Though the U.S. Army assured reporters that Bagram was transferred to the Afghan military in a weeks-long “closely coordinated” effort, one Afghan soldier who worked on the base told The Wall Street Journal that “It just went dark” on July 2. After the power was cut, the looting began.
Like Minneapolis’s 3rd Precinct, Bagram Air Base was more than just a symbol. Along with hundreds of vehicles and tons of equipment, the compound also housed a hospital and a jail with thousands of Taliban and ISIS prisoners. The sudden departure emboldened the Taliban and set the tone for the chaotic scene at Kabul airport in which 13 Americans and many more Afghans were killed. The man who carried out the bombing, Abdul Rahman Al-Logari, was one of those released ISIS prisoners.
As Barack Obama’s vice president, Joe Biden witnessed how U.S. withdrawal from Iraq enabled the emergence of ISIS from the remains of Abu Musab al-Zarqawi’s defeated Al-Qaeda franchise. He also helped push the JCPOA (Iran nuclear deal), legalizing Iran’s illegal nuclear program in exchange for Khamenei’s empty promise to delay uranium enrichment and bomb construction for 10-15 years. And then Biden saw how the JCPOA emboldened those it was supposed to appease as Iran took U.S. sailors hostage and cheated on the deal from the start.
Many key members of Biden’s diplomatic corps were also members of Obama’s administration and are complicit in its diplomatic failures, yet they are repeating their mistakes. By removing Trump’s sanctions against the mullahs and their missile makers, they signaled weakness from the beginning. In return, the Islamic Revolutionary Guard Corps now attacks Americans without fear of reprisal and regularly threatens Israelis with war.

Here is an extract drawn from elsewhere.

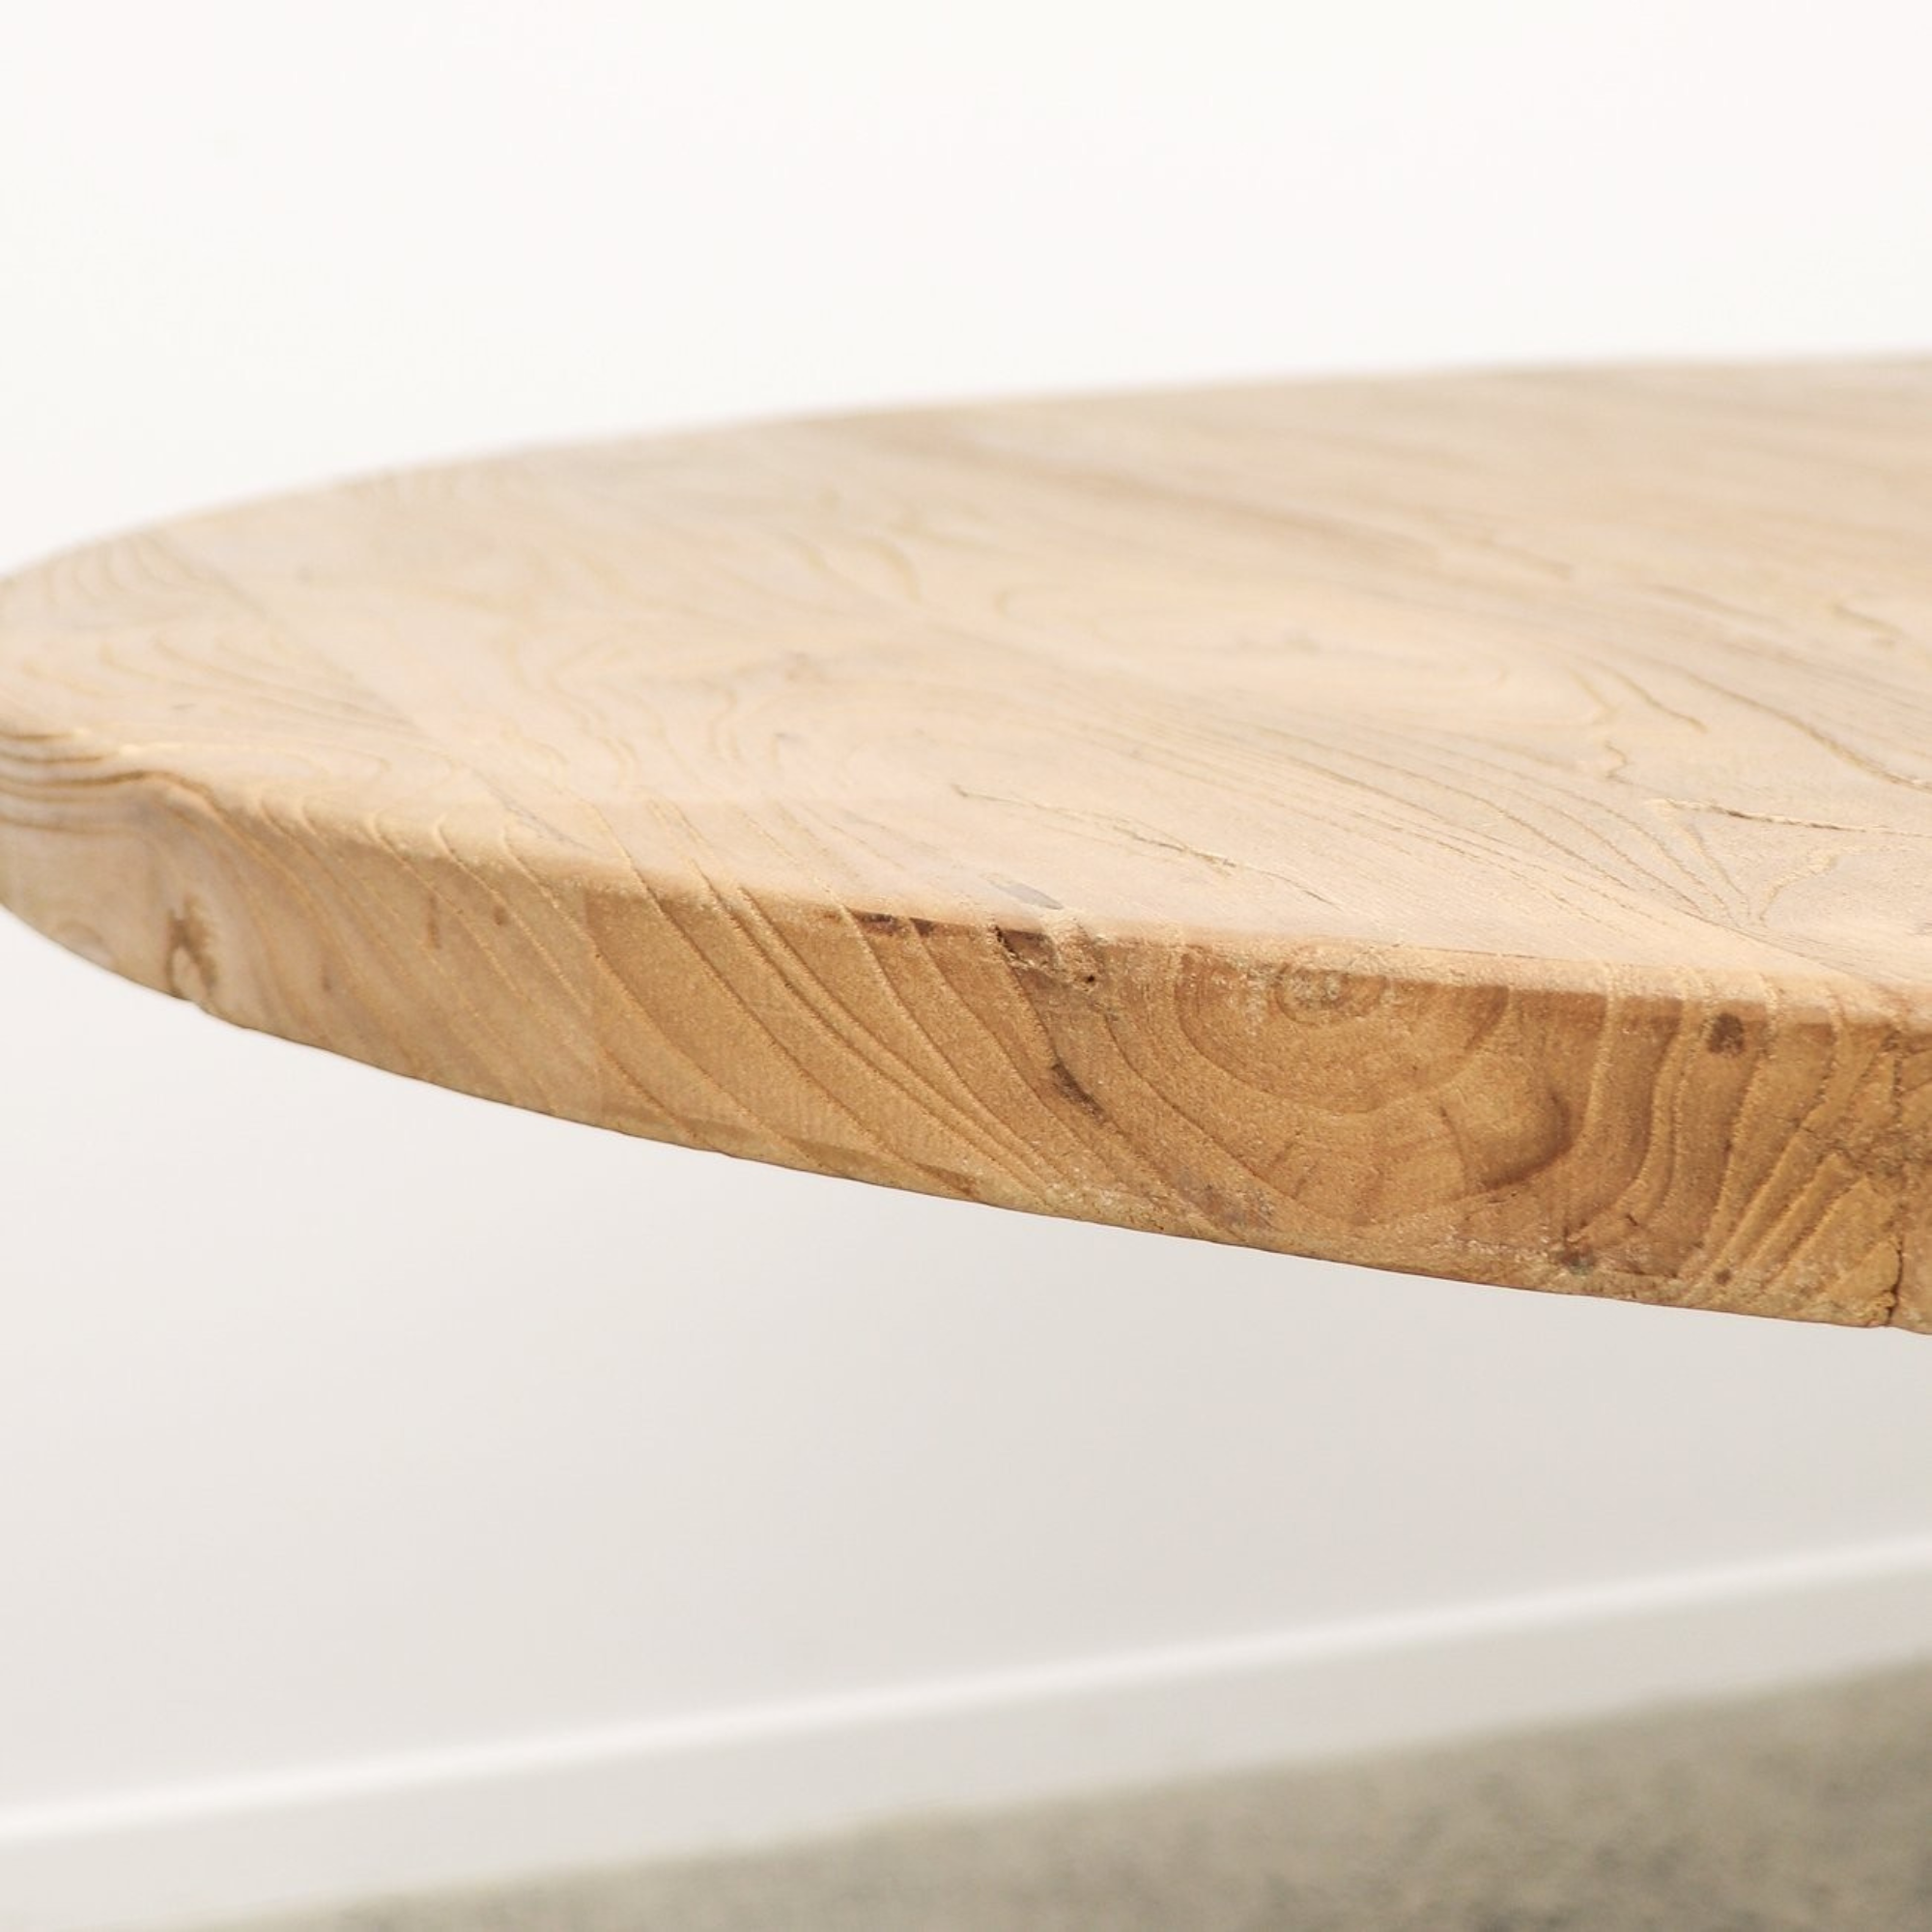 MULHOUSE SALVAGED ELM ROUND DINING TABLE | 2 SIZES

Iranian scientists enrich uranium and test ballistic missile under the guise of a space program while Biden’s diplomats practically beg for yet more talks in Vienna.
Like the surrender of Minneapolis’s 3rd Precinct and capitulation to the Taliban, a second nuclear deal with Iran will ensure even more aggression. It will also make war, perhaps even nuclear war, inevitable.
Victory does not always go to those who project power or wield superior strength, but defeat invariably goes to those who project weakness and flee from a righteous fight. Those who give up land for peace usually end up with neither.
A.J. Caschetta is a Ginsburg-Milstein fellow at the Middle East Forum and a principal lecturer at the Rochester Institute of Technology.